Для характеристики же литературной деятельности Сенковского в это время скажем несколько слов по поводу его “Фантастических путешествий”.

Признаюсь, я лично с величайшим удовольствием перечитал “Фантастические путешествия барона Брамбеуса”. Очевидно, что тема их как нельзя более подошла к таланту автора и он справился с нею легко и свободно. Сенковский в этом своем произведении добился того, о чем мечтает каждый писатель: полной, ничем не стесненной свободы. Он играет своим предметом будто мячиком: то отбросит от себя в сторону, то поймает опять и прижмет к себе крепко-крепко. Иногда на протяжении целых страниц он как будто забывает о теме, рассуждает о том, что пришло в голову, рассуждает бойко, остроумно, потом, точно спохватившись, с улыбкой возвращается к рассказу и продолжает его с прежней легкостью. Мне лично как нельзя более по душе эта независимость ума, эта гибкость игривой фантазии, эта способность быстро переходить от одного настроения к другому. Не буду вызывать великие тени Рабле, Монтеня, Вольтера, чтобы поставить рядом с ними Сенковского и тем польстить ему. Конечно, он много, слишком даже много ниже их, но в нем есть кое-что общее с этими недосягаемыми представителями умственной гибкости, общее по типу, а не по степени. Хотите послушать, как острит барон Брамбеус? Вот, например, его отзыв об иероглифах: “В короткое время я сделал удивительные успехи в чтении этих таинственных письмен; свободно читал надписи на обелисках

и пирамидах, объяснял мумии, переводил папирусы, сочинял иероглифические каймы для салфеток и даже сам открыл половину одной египетской дотоле неизвестной буквы, за что покойный Шампольон обещал доставить мне бессмертие, упомянув обо мне в выноске к своему сочинению. Правда, г-н Гульянов оспаривал основательность нашей системы и предлагал другой, им самим придуманный способ чтения иероглифов, по которому смысл данного текста выходит совершенно противный тому, какой получается, читая его по Шампольону, но это не должно никого приводить в смущение, и спор двух ученых мужей я могу решить одним словом: метода, предначертанная Шампольоном, так умна и замысловата, что ежели египетские жрецы в самом деле были так мудры, как изображают их древние, они не могли и не должны были читать своих иероглифов иначе как по нашей методе; изобретенная же г-ном Гульяновым иероглифическая азбука так нехитра, что если где – и когда-либо была она в употреблении, то разве у египетских дьячков и пономарей, с которыми мы не хотим иметь дела.

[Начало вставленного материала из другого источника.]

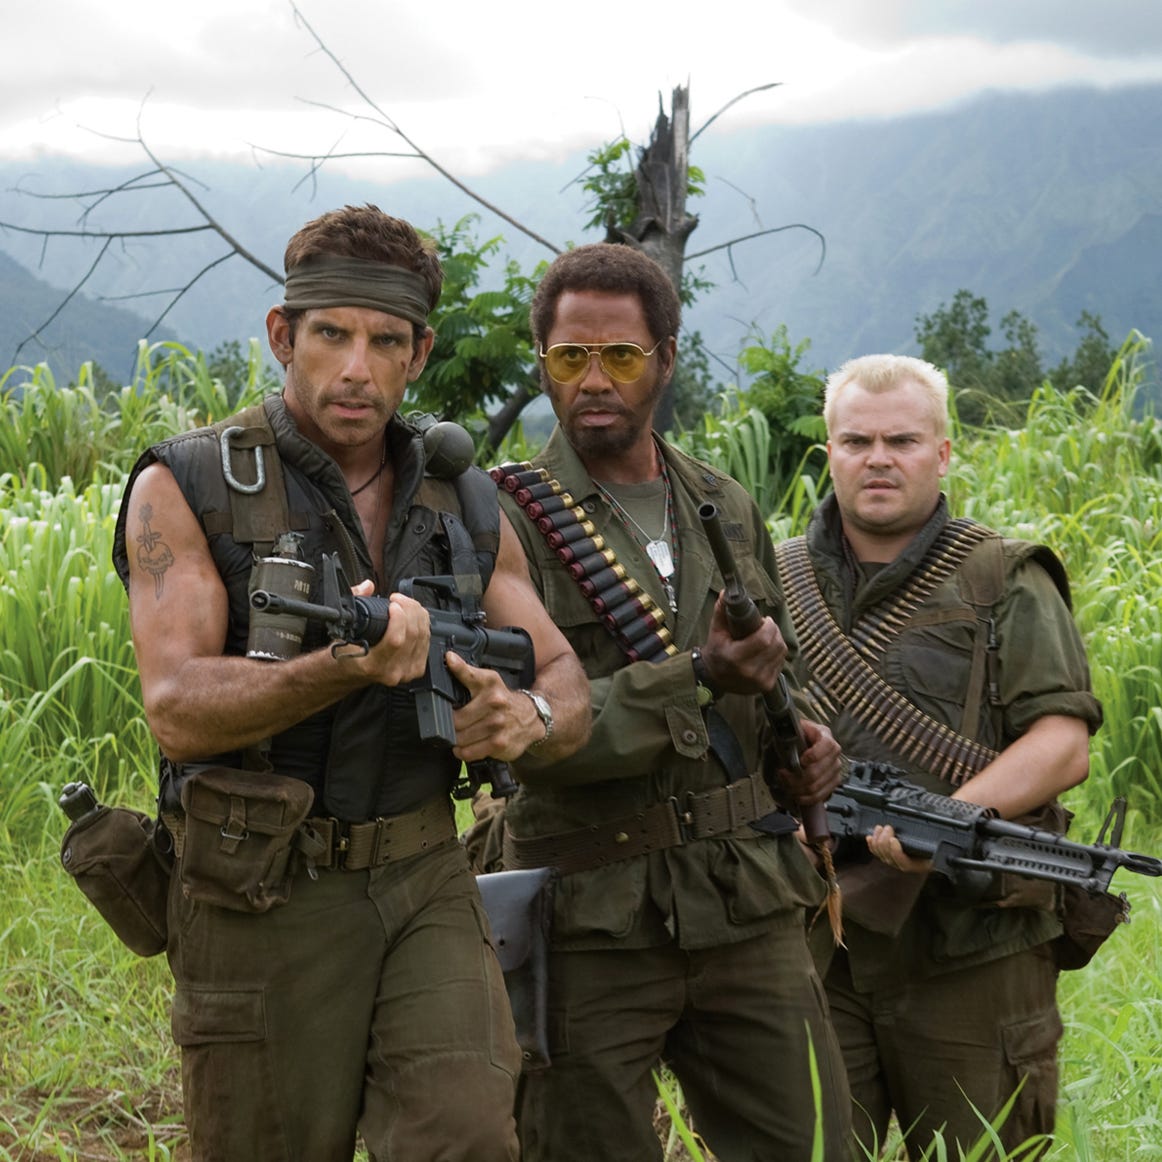 In 2007 Stiller produced, wrote, directed and starred in the summer comedy "Tropic Thunder" with Robert Downey, Jr. (center) and Jack Black (r).

Суть же нашей системы сводится к тому, что всякий иероглиф есть или буква, или метафорическая фигура, изображающая то или другое понятие, или ни буква, ни фигура, а только произвольное украшение почерка. Итак, нет ничего легче, как читать иероглифы: где не выходит смысла по буквам, там должно толковать их метафорически; если нельзя подобрать метафоры, то позволяется совсем пропустить иероглиф и перейти к следующему, понятнейшему”. За это и подобные ему места барона Брамбеуса упрекали в неуважении к науке. Помилуйте, как можно не верить в науку? – восклицала критика. Однако если начать упрекать Сенковского за неверие, то придется делать это в отношении не только науки, а чего-то гораздо большего. Фантастические путешествия насквозь проникнуты скептицизмом. Остановимся на одном из них – ученом.

Сюжет его следующий.

Сам автор, доктор философии Шпурцманн и обер-берг-пробирмейстер 7 класса Иван Антонович Страбинский после долгой поездки по реке Лене прибыли наконец к ее устью. Ехали довольно весело. “Невозможно представить себе ничего забавнее почтенного испытателя природы, доктора Шпурцманна, согнутого дугою, на тощей лошади и увешанного со всех сторон ружьями, пистолетами, барометрами, термометрами, змеиными кожами, бобровыми хвостами, набитыми соломою сусликами и птицами, из которых одного ястреба, за недостатком места за спиною и на груди, посадил он было у себя на шапке. В селениях, через которые мы проезжали, суеверные якуты принимали его за великого странствующего шамана, с благоговением подносили ему кумысу и сушеной рыбы и всячески старались его заставить хоть немножко пошаманить над ними. Доктор сердился и бранил якутов по-немецки. Те, полагая, что он говорит с ними священным тибетским наречием, еще более оказывали ему почтения и настоятельнее просили изгонять из них чертей”. После подобного рода комических эпизодов путешественники прибыли к устью великой сибирской реки и тут, к немалому своему изумлению, наткнулись на высокую скалу, все стены которой были исписаны таинственными знаками. Любопытство овладело ими, бессмертие и слава мерещились им, и они принялись разбирать надписи. К счастью, знаки оказались иероглифами, а читать их, как мы видели, “очень просто”. Каков же был восторг путешественников, когда, прочтя несколько слов, они убедились, что перед ними рассказ человека – очевидца большого потопа. Этот рассказ – целый роман с прихотливыми сплетениями любовной интриги, трагическими описаниями смерти, остроумными монологами ученых педантов…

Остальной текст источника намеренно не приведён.